#### Data to use
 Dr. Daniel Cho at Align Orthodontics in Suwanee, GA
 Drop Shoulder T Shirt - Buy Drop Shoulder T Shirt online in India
...
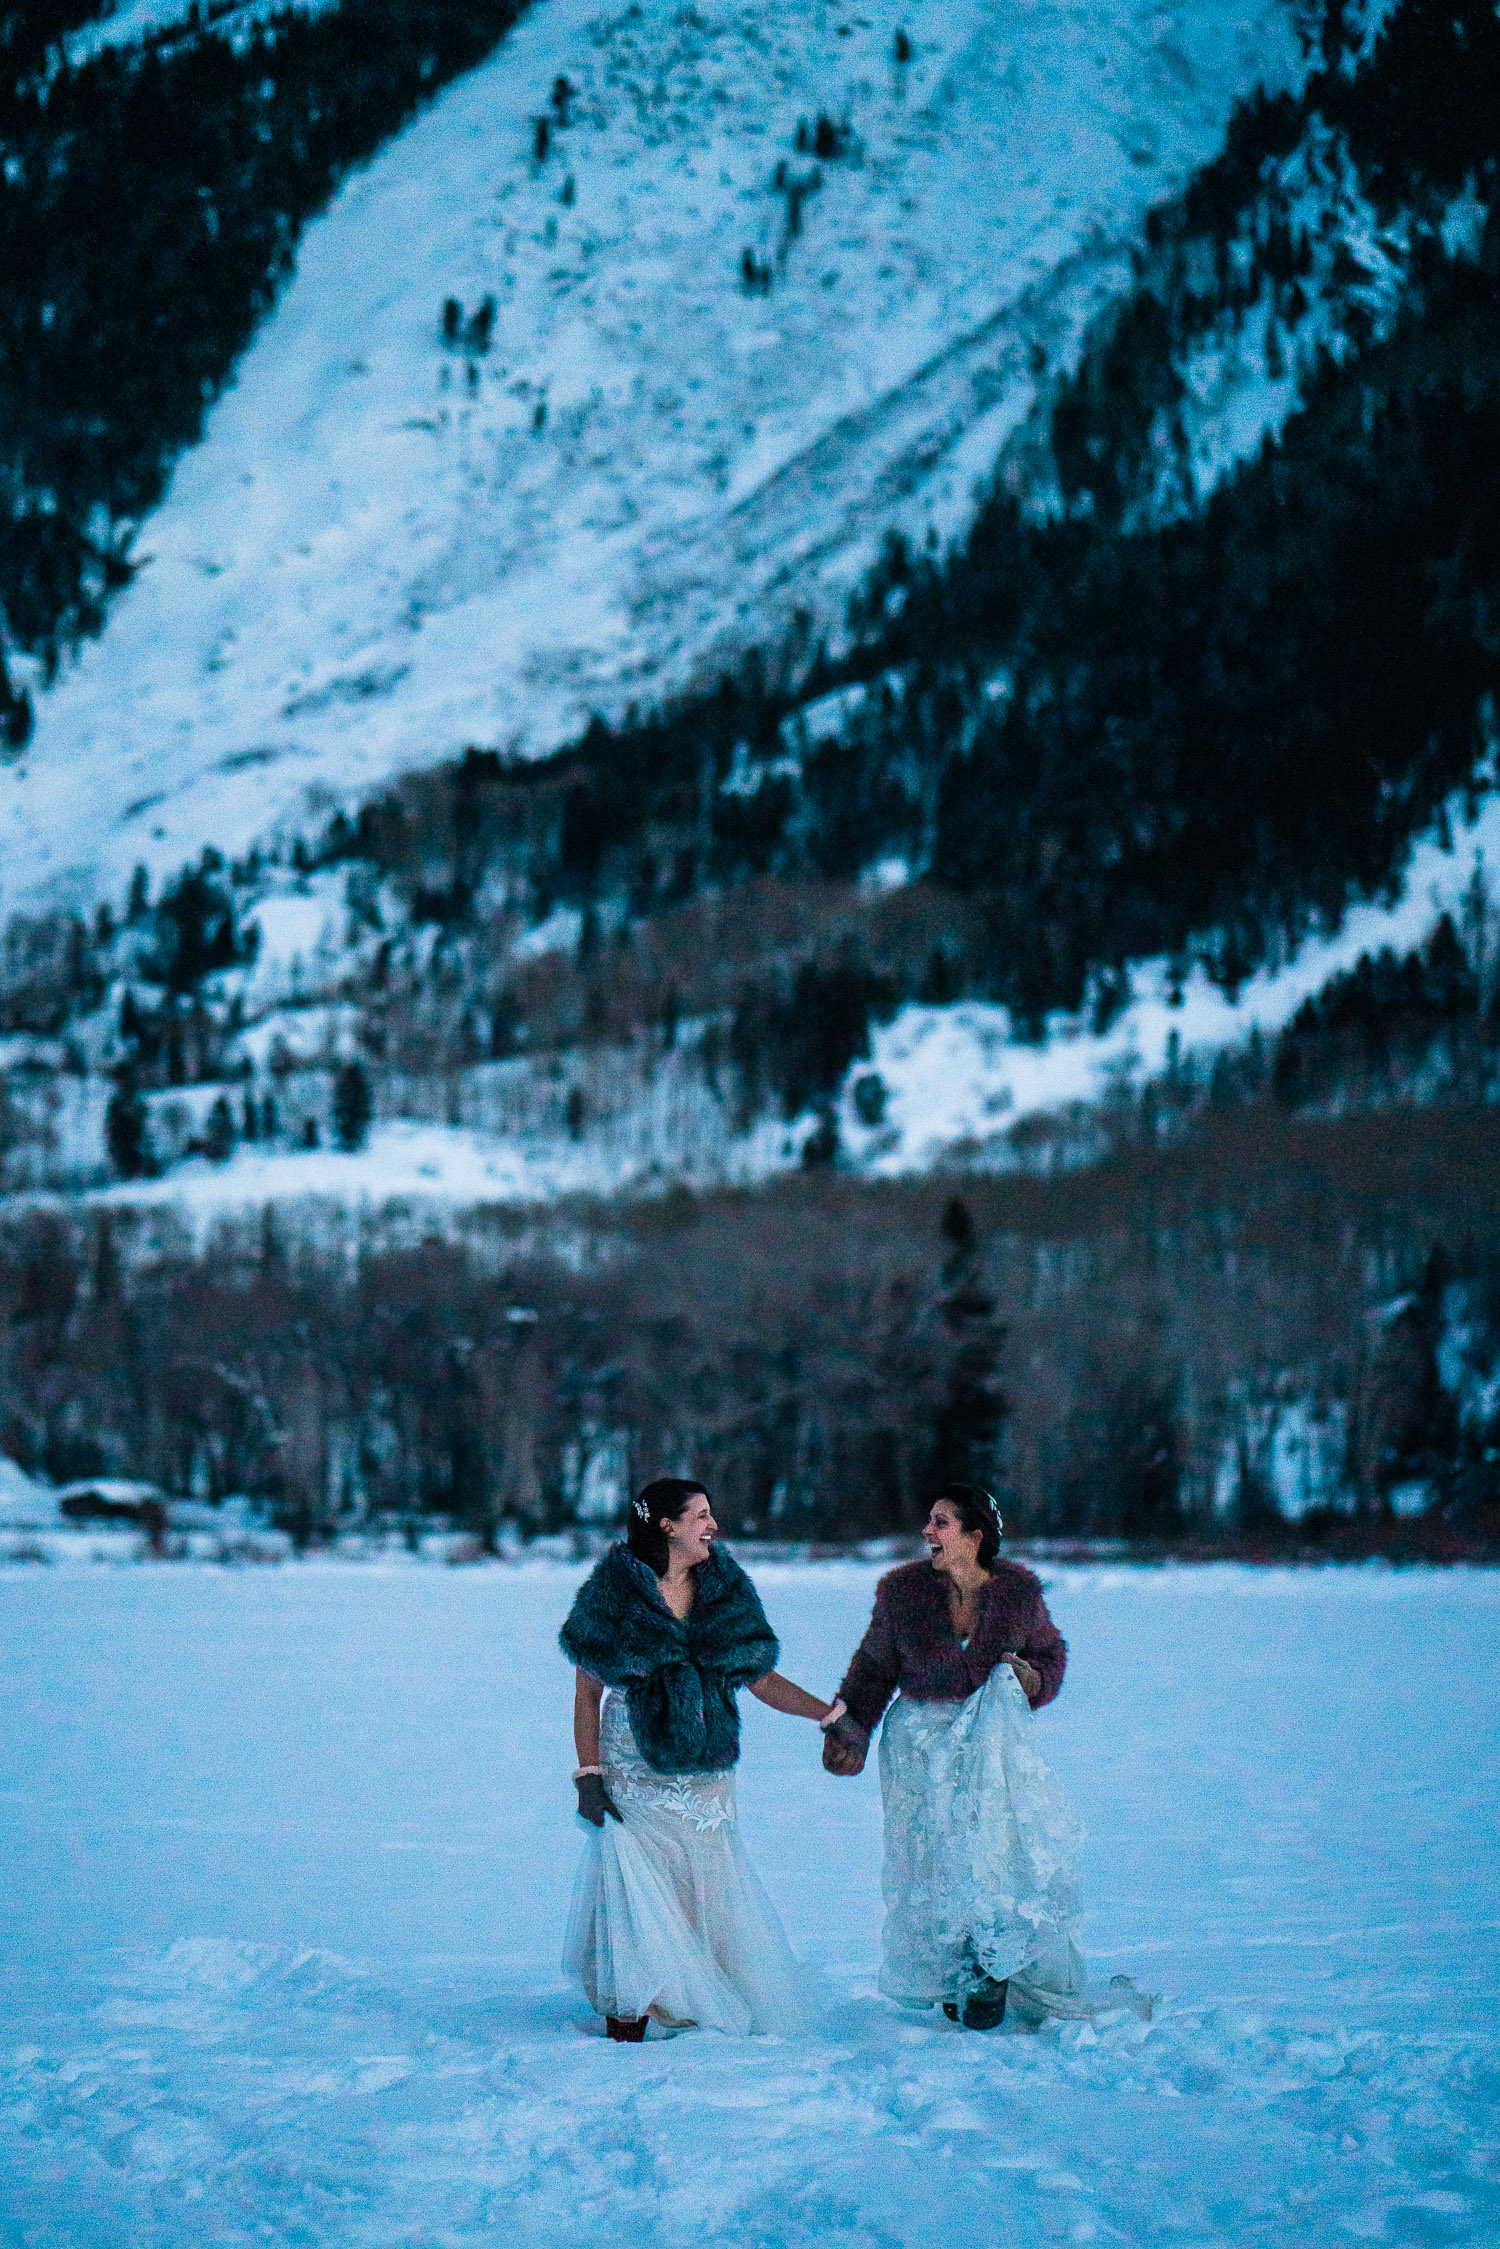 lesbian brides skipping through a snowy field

#### What is needed
From the material above, copy exactly the lines between the line holding "Dr. Daniel Cho" and the line holding "Drop Shoulder T Shirt - Buy", inclusive, and only those.

#### Exercise response
 Dr. Daniel Cho at Align Orthodontics in Suwanee, GA
 Drop Shoulder T Shirt - Buy Drop Shoulder T Shirt online in India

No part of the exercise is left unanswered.